Provenance
Probably (sale, by J. A. Jolles and H. de Winter, Amsterdam, 23 May 1764, no. 41, bought in). C. Price, London; Frederick Howard, 5th earl of Carlisle [1748-1825], London, and Castle Howard, Yorkshire, by 1771;[1] by descent in the Howard family to George James Howard, 9th earl of Carlisle [1843-1911], London, and Castle Howard; purchased September 1907 by (P. & D. Colnaghi, London), half share with (M. Knoedler & Co., London and New York);[2] sold July 1909 to William Andrews Clark [1839-1925], New York; bequest 1926 to the Corcoran Gallery of Art, Washington; acquired 2014 by the National Gallery of Art.

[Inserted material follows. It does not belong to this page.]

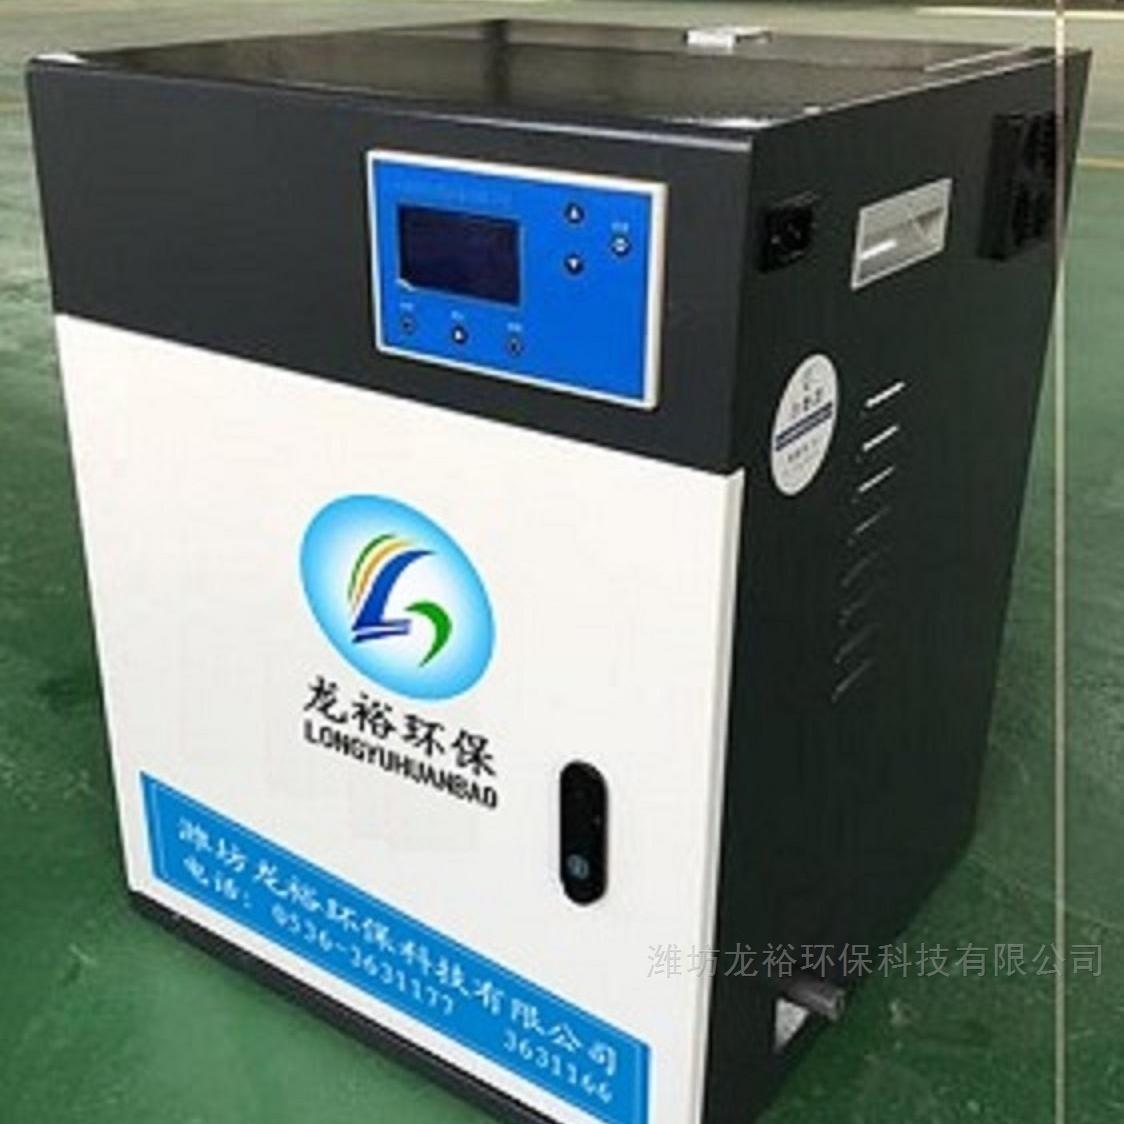 C承德小型门诊污水处理设备

[1] According to Alan Chong (“Aelbert Cuyp and the Meaning of Landscape,” Ph.D. dissertation, New York University, 1992: 374, 375 n. 1), the painting was sold by Price to Howard in 1771 or shortly before. This information comes from an 1865 inventory in the Castle Howard archives of the Earl of Carlisle’s house on Grosvenor Place in London, in which the painting is listed as number 92. The earl in 1865 would have been the Reverend William George Howard, 8th earl of Carlisle (1808-1889), who succeeded to the title in December of the previous year.
[2] The painting is stock number 11463 in the M. Knoedler & Co. Records, accession number 2012.M.54, Research Library, Getty Research Institute, Los Angeles: Painting Stockbook 5, 8800-12652, 1899 April -1911 December, p. 149; copy in NGA curatorial files.
Accession Number
2014.79.707
Medium
oil on panel
Dimensions
overall: 47.7 × 81.5 cm (18 3/4 × 32 1/16 in.) | framed: 76.84 × 110.81 × 12.7 cm (30 1/4 × 43 5/8 × 5 in.)
Classification
Painting
Credit Line
Corcoran Collection (William A. Clark Collection)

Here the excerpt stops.